This thread has been locked.

If you have a related question, please click the "Ask a related question" button in the top right corner. The newly created question will be automatically linked to this question.

How to speedup my project running on C6678

Other Parts Discussed in Thread: SYSBIOS

Dear TI Employee,


  The situation is that the processing time doesn't meet my requirement.

  In the document SPRS691C page 18. 

  It tells us " a very high level of parallelism that can be exploited by DSP programmers through the use of TI's optimized C/C++ compiler "

  So, my optimization level  is set to o2

  But is there anything that can help me make my project run faster ?

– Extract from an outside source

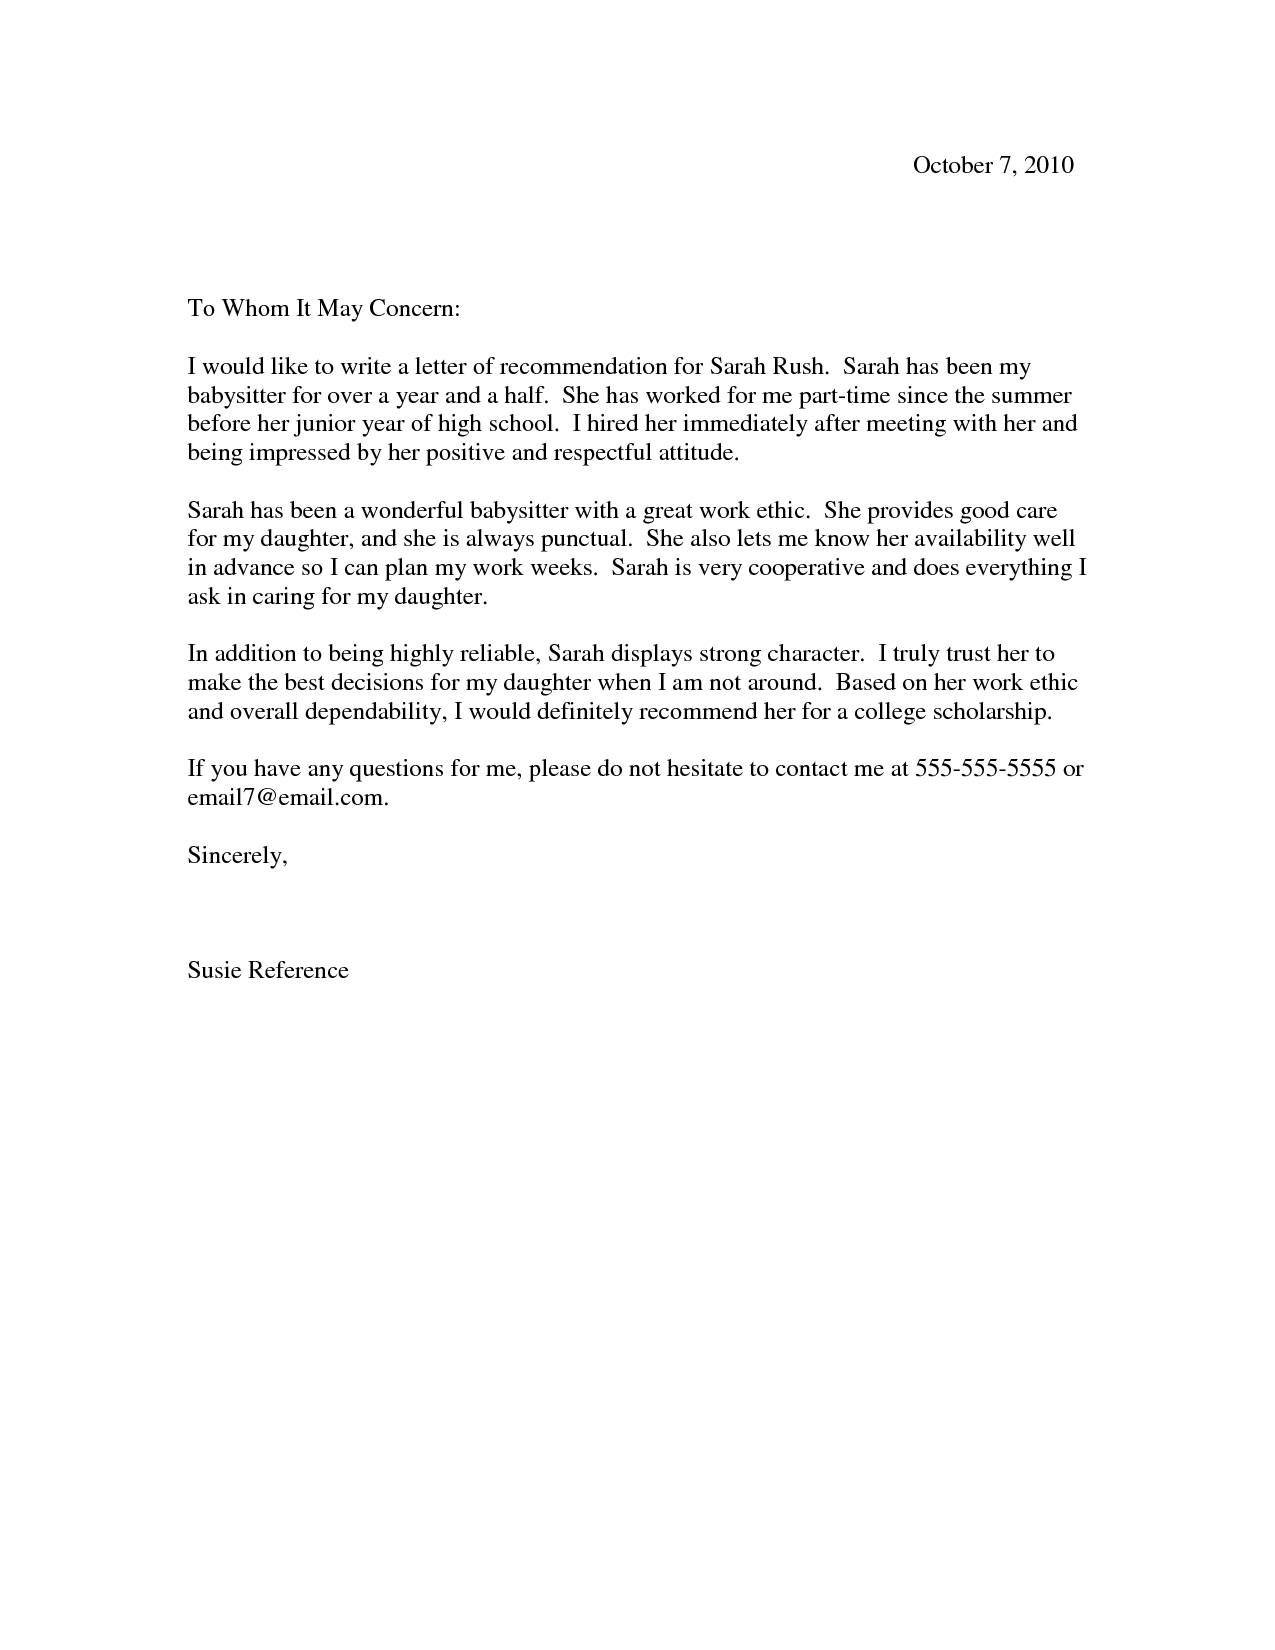 College Recommendation Letter Sample College within size 1275 X 1650

  Or is there anything  I missed ?

  Does the .out file control the eight functional units or I should control them ?

  By the way, I am writing C code.

Regards,

Matt

   

  • Hi,

    In general, about me the compiler does a great work in optimizing the code, but seldom it needs some helps, and  you have to give it some hints.

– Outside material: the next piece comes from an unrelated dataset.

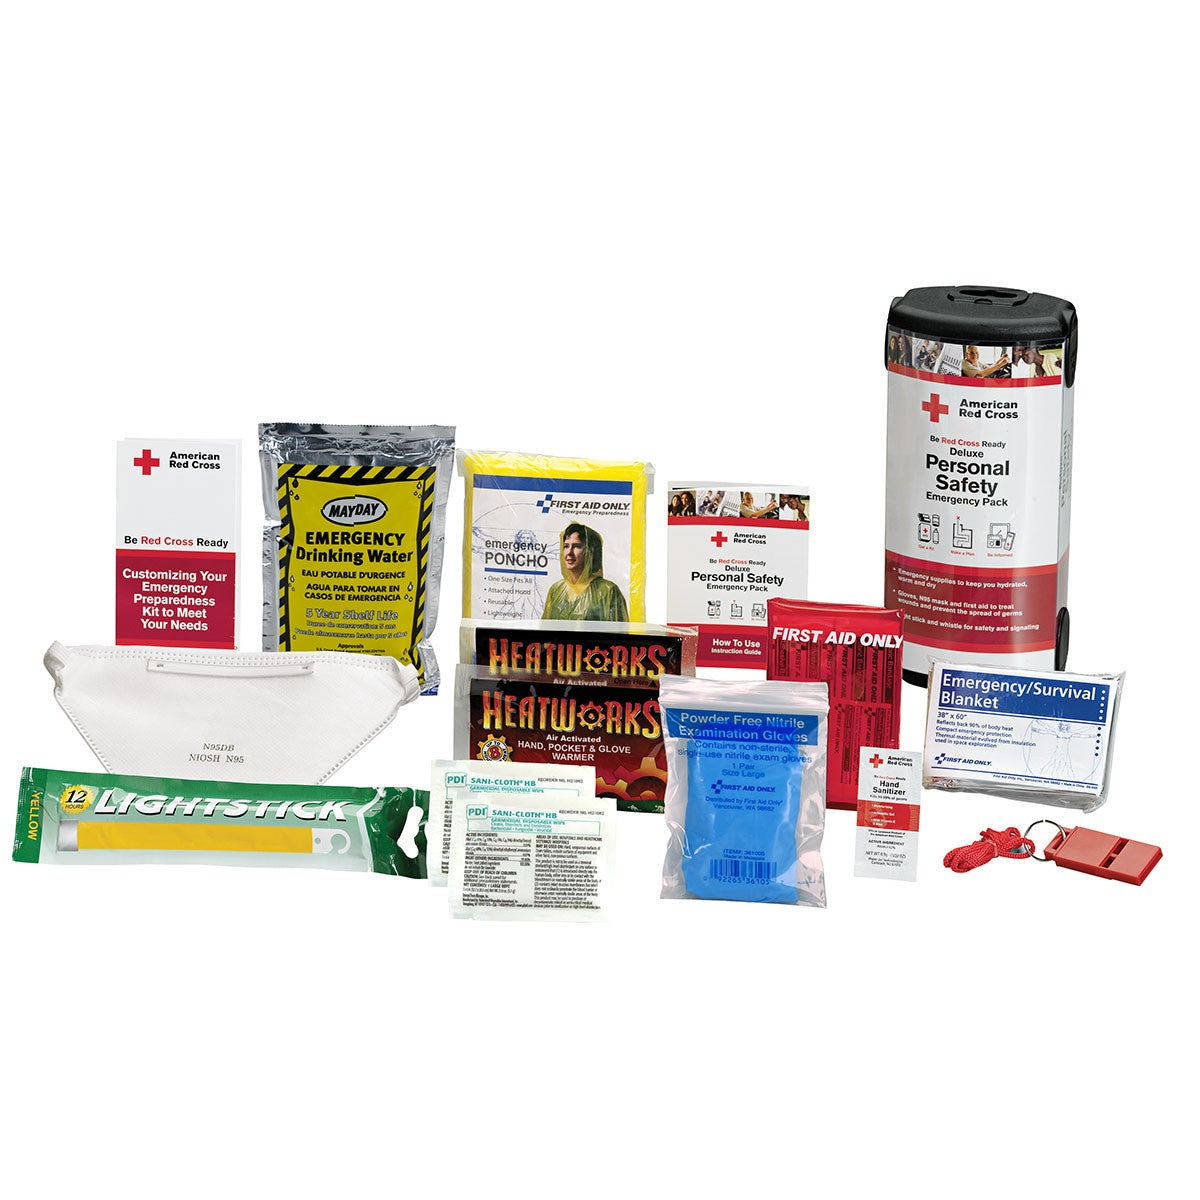 American Red Cross Deluxe Personal Safety Emergency Pack - W-RC-613

    You can set the optimization level to 3 (Basic Options) and Optimize for speed to 5 (in Optimization options). Also, if you are compiling in debug, the set "optimize fully in presence of debug directive" (in Runtime mode options).

    There are a lot of other option You can try: read:

    • SPRABF2 Introduction to TMS320C6000 DSP Optimization
    • SPRA666 Hand-Tuning Loops and Control Code on the TMS320C6000
    • SPRU198K TMS320C6000 Programmer’s Guide

     

  • Hi Matt,

    I think there are 2 ways to consider:
    1. Actually, in many situation, the optimization of compiler is not enough. You should write assembly code for highly-density-calculation part of your code. Or take advantage of DMA to speedup the transfer of data if there exist plenty of data access requirement. There is Time Stamp counter module inside the corePac, you can utilize them to measure the cycle consumption of each module of your application and locate the most cycle consumers. Then optimize these modules according to their attribute(Computationally intensive,Data access intensive or combination of the two).
    2. You know there are 8 C66x cores in C6678, so we can simply suppose the performance could be speeded up by 8 times than one core if they are do the same thing. Now you can have a look at your project and think about does it suitable or convenient to deploy onto multi-core? There are different methods to simply achieve that, one is for deploying the same program for every core,but maybe with different input data. And the other is divide the whole work into several steps like a pipeline flow, such as A->B->C->D..., so A can put into Core0, B->Core1 and so on. TI has provided a MAD utility to realize the deployment of multicore application very effectively, you can learn it at http://processors.wiki.ti.com/index.php/MAD_Utils_User_Guide.

    Just for reference.

    Allen

  • Thanks Albert and Allen,  good posts.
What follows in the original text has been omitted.